Table 7: Detailed dataset descriptions. Dim refers to the number of variates present within each dataset.Dataset Size is indicative of the overall count of time points that are categorized into three segments: training, validation, and testing. Prediction Length denotes the future time points to be predicted and four prediction settings are included in each dataset. Frequency represents the rate at which time points are sampled, essentially detailing the time interval between successive data points.

Task	Dataset	Dim	Prediction Length	Dataset Size	Frequency	Information
Low-dim	ETTh1	7	{96, 192, 336, 720}	(8545, 2881, 2881)	Hourly	Electricity
	ETTh2	7	{96, 192, 336, 720}	(8545, 2881, 2881)	Hourly	Electricity
	ETTm1	7	{96, 192, 336, 720}	(34465, 11521, 11521)	15min	Electricity
	ETTm2	7	{96, 192, 336, 720}	(34465, 11521, 11521)	15min	Electricity
	Exchange	8	{96, 192, 336, 720}	(5120, 665, 1422)	Daily	Economy
High-dim	Weather	21	{96, 192, 336, 720}	(36792, 5271, 10540)	10min	Weather
	Solar-Energy	137	{96, 192, 336, 720}	(366001, 5161, 10417)	10min	Energy
	ECL	321	{96, 192, 336, 720}	(18317, 2633, 5261)	Hourly	Electricity
	Traffic	862	{96, 192, 336, 720}	(12185, 1757, 3509)	Hourly	Transportation

B.2 Baseline Methods and Implementations

We briefly describe the selected baselines:

CARD (Wang et al. (2024)) use a patching strategy and two transformer encoders to encode cross-time and cross-variate dependencies. Latter directly mixes cross-time and cross-variate information at each model layer. In this paper, we directly utilize the model from their GitHub repository and apply the same training loss function as in the TimesNet GitHub repository to ensure fairness.

FTP (Zhou et al. (2023)) uses GPT2 to forecast time series and is implemented by their provided GitHub repository. .
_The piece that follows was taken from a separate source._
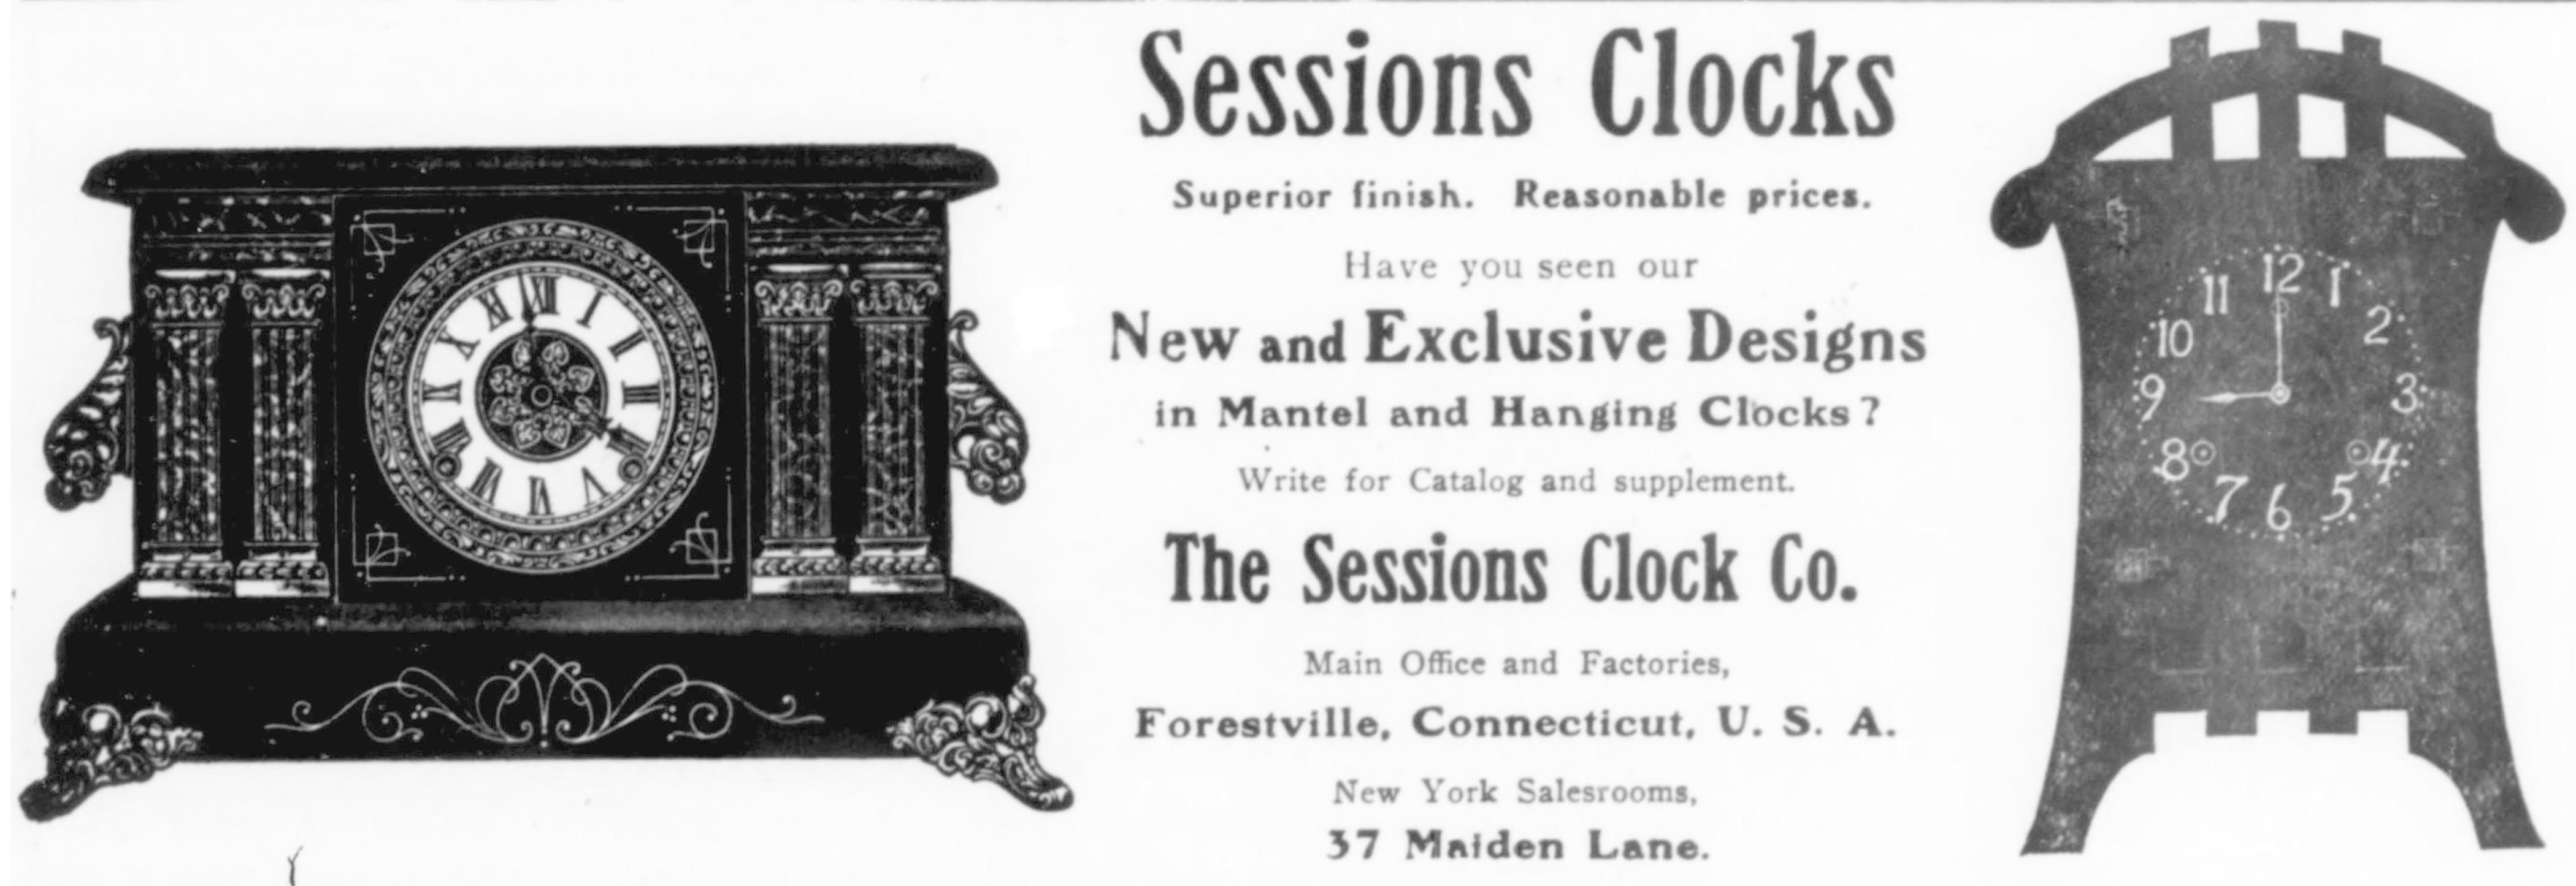 Sessions Clocks 1906 0.jpg

iTransformer (Liu et al. (2023)) only inverts the time series and, without making any modifications to the transformer architecture, uses the Feed-Forward Network layer to capture cross-time dependency and employs the transformer to capture cross-variate dependency. In this paper, we implement it by using the TimesNet GitHub repository.

RLinear (Li et al. (2023)) uses a single-layer linear model with RevIN has been added for time series forecasting. In this paper, we implement it by using the TimesNet GitHub repository.
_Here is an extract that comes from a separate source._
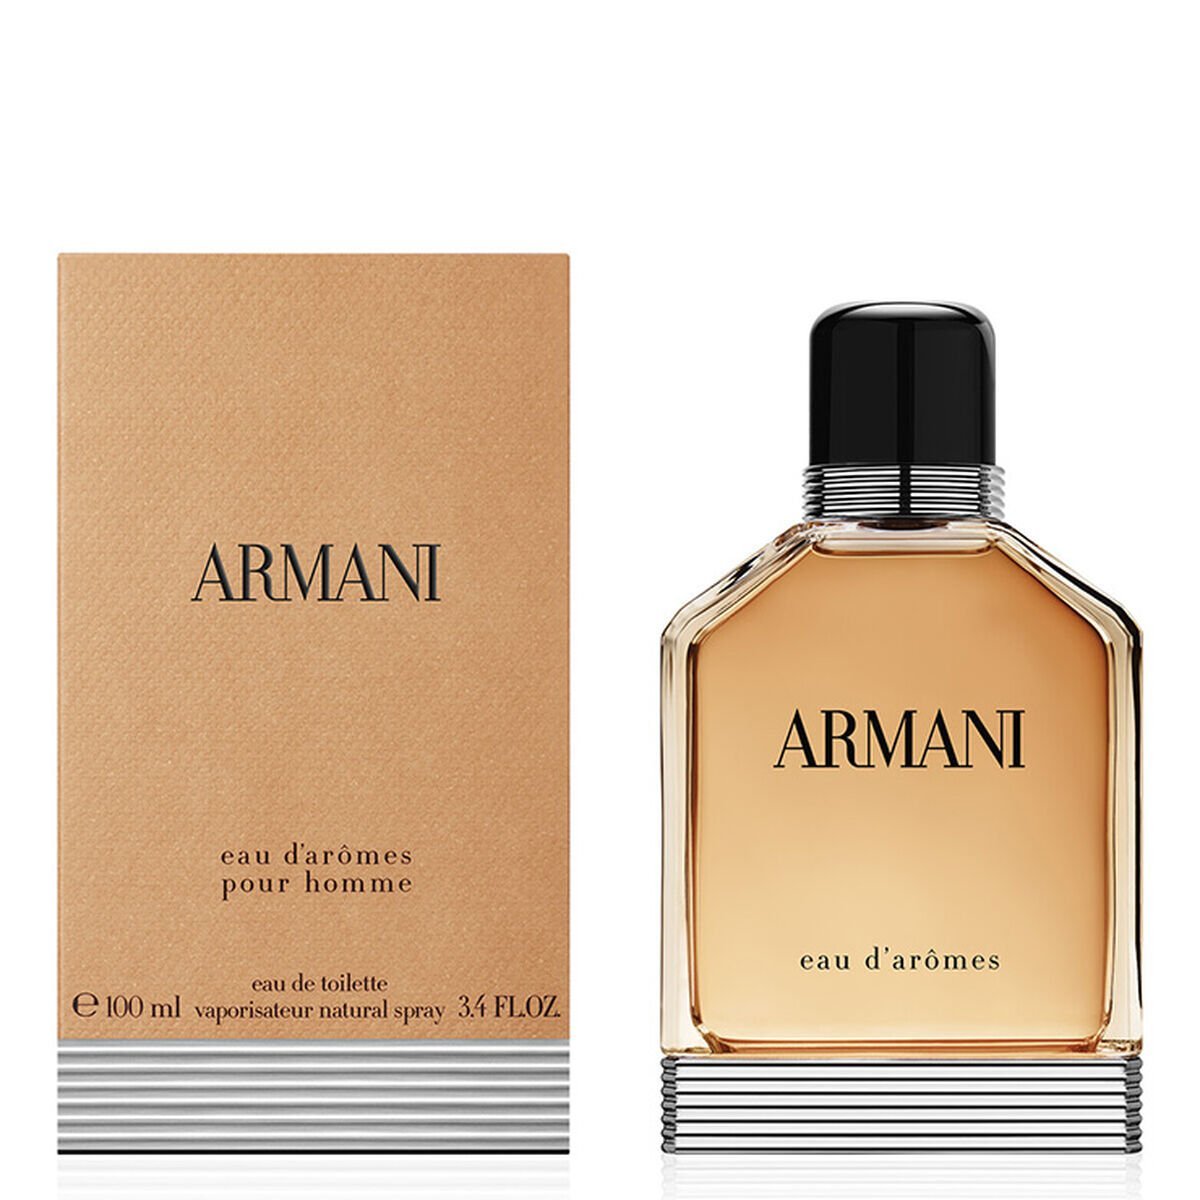 Giorgio Armani Eau D'Aromes EDT | My Perfume Shop Australia

PatchTST (Nie et al. (2022)) employs of patches and channel-independent strategy without altering the transformer architecture. In this paper, we implement it by using the TimesNet GitHub repository.

Crossformer (Zhang & Yan (2022)) is a Transformer-based model designed to enhance multivariate time series forecasting by leveraging cross-variate dependency. In this paper, we implement it by using the TimesNet GitHub repository.

TiDE (Das et al. (2023)) is an MLP-based encoder-decoder architecture for long-term time-series forecasting that excels in efficiency and performance by incorporating dense MLPs for encoding past time-series data and decoding future predictions, while also managing covariates and nonlinear relationships. In this paper, we implement it by using the TimesNet GitHub repository.

TimesNet (Wu et al. (2022)) is a task-general foundation model for time series analysis that excels in capturing complex temporal variations by transforming 1D time series data into 2D tensors and utilizing a parameter-efficient inception block within its TimesBlock architecture. In this paper, we implement it by using the TimesNet GitHub repository.

DLinear (Zeng et al. (2023)) uses a single-layer linear model with The seasonal term and trend term decoupled has been added for time series forecasting. In this paper, we implement it by using the TimesNet GitHub repository.

SCINet (Liu et al. (2022a)) is a novel neural network architecture for time series modeling and forecasting that employs a hierarchical downsample-convolve-interact structure. In this paper, we implement it by using the TimesNet GitHub repository.

FEDformer (Zhou et al. (2022)) is a Transformer-based architecture that employs seasonal-trend decomposition integrated with frequency-enhanced blocks to seize cross-time dependencies for forecasting. In this paper, we implement it by using the TimesNet GitHub repository.

Stationary (Liu et al. (2022b)) is a Transformer-based model that uses De-stationary Attention mechanism to recover the intrinsic non-stationary information into temporal dependencies by approximating distinguishable attentions learned from unstationarized series. In this paper, we implement it by using the TimesNet GitHub repository.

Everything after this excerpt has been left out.